The current architecture is very efficient at shapes rendering, which comes with
a few limitations. Below, there are many other architectures described with
their own gains and problems and we should consider improving the current
approach in the future. However, keep in mind that the listed limitations allow
us for very fast rendering pipeline, so it's questionable whether we would like
to ever change it.

The most significant limitations of the current approach are:

- No possibility to depth-sort the shapes instances. The used
  `draw_arrays_instanced` WebGL draw call iterates over all attrib arrays and
  draws a new instance for each entry. There is no possibility to specify the
  iteration order, while re-ordering the attrib arrays can be CPU heavy (with
  big instance count) and would require re-sending big amount of data between
  CPU and GPU (e.g. moving the top-most instance to the bottom would require
  moving its attribs in all attached attrib arrays from the last position to the
  front, and thus, re sending ALL attrib arrays to the GPU (for ALL INSTANCES)).

- No efficient memory management. In case an instance with a high ID exists and
  many instances with lower IDs are already destroyed, the memory of the
  destroyed instances cannot be freed. This is because currently the sprite
  instances remember the ID (wrapper over usize) of the instance, which is used
  as the attrib array index.

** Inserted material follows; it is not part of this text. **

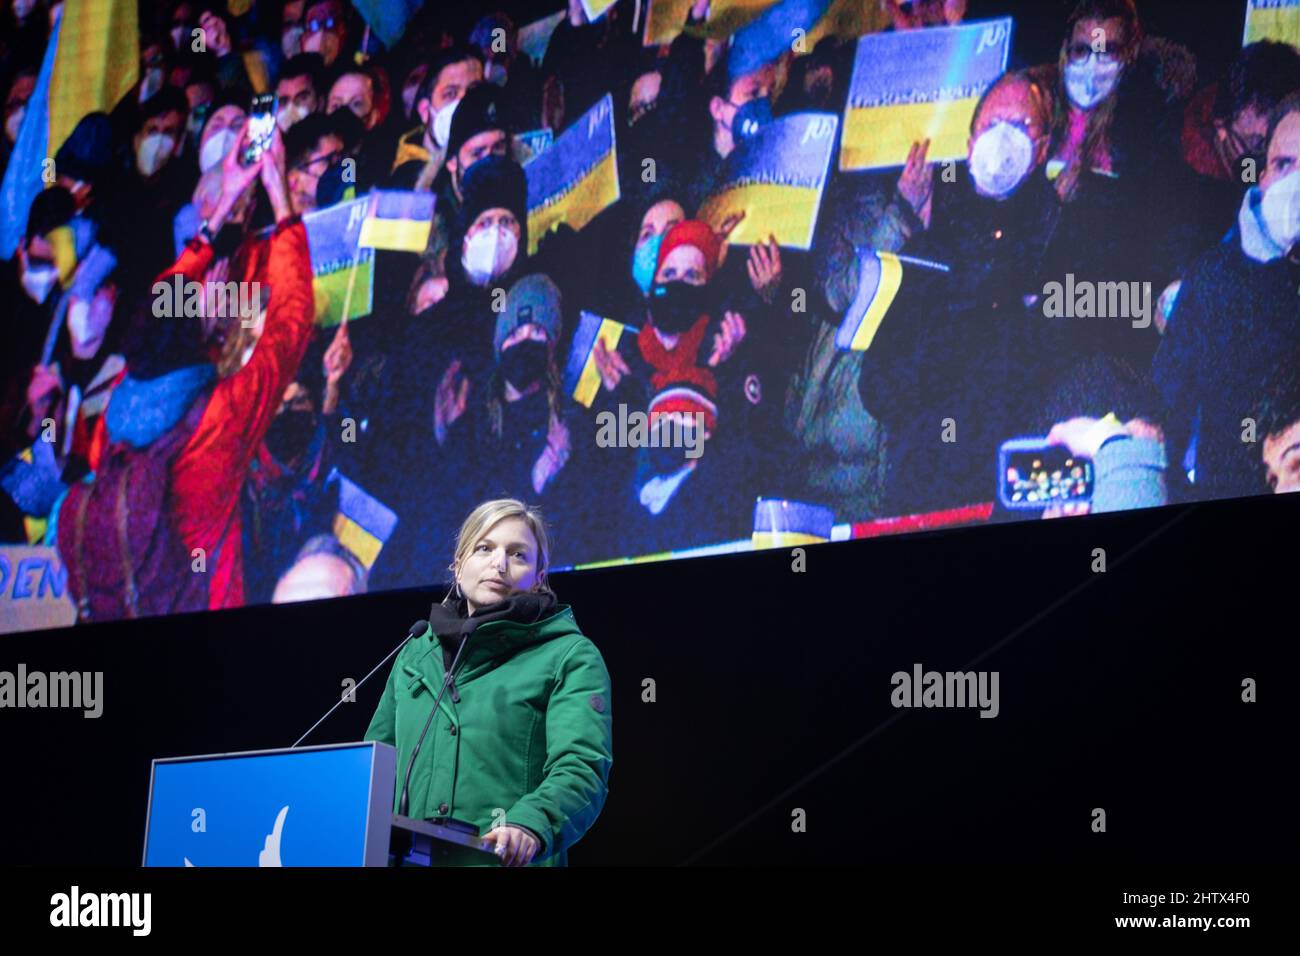 Am 2.. März versammelten sich 2022 45.000 Menschen am Königsplatz in München, um gegen die russische Invasion in der Ukraine zu protestieren und ihre Solidarität mit dem ukrainischen Volk zu zeigen. Die Kundgebung wurde von der SPD organisiert und alle demokratischen Parteien schlossen sich ihr an. Die Vorsitzende der Grünen im Bayerischen Landtag Katharina Schulze spricht. (Foto von Alexander Pohl/Sipa USA) Stockfoto
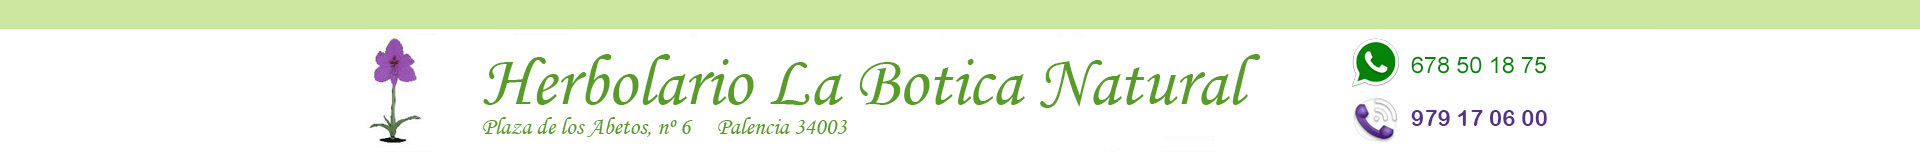 Limpieza hogar ecológica, Herbolario online, Palencia, La Botica Natural

Thus, it is impossible to update the number in all
  sprite instances in memory, and sort the instances to move the destroyed ones
  to the end of the buffer to free it. This could be easily solved by using
  `Rc<Cell<ID>>` instead, however, it is important to benchmark how big
  performance impact this will cause. Also, other architectures may provide
  alternative solutions.

- No possibility to render shape instances using different cameras (in separate
  draw calls). Currently, the shape instances are drawn with the
  `draw_arrays_instanced` WebGL draw call. This API allows drawing all instances
  at once, so it is not possible to draw only some subset of them, and thus, it
  is not possible to update the view-matrix uniform between the calls. The
  OpenGL 4.2 introduced a specialized draw call that would solve this issue
  entirely, however, it is not accessible from within WebGL
  ([glDrawArraysInstancedBaseInstance](https://www.khronos.org/registry/OpenGL-Refpages/gl4/html/glDrawArraysInstancedBaseInstance.xhtml)).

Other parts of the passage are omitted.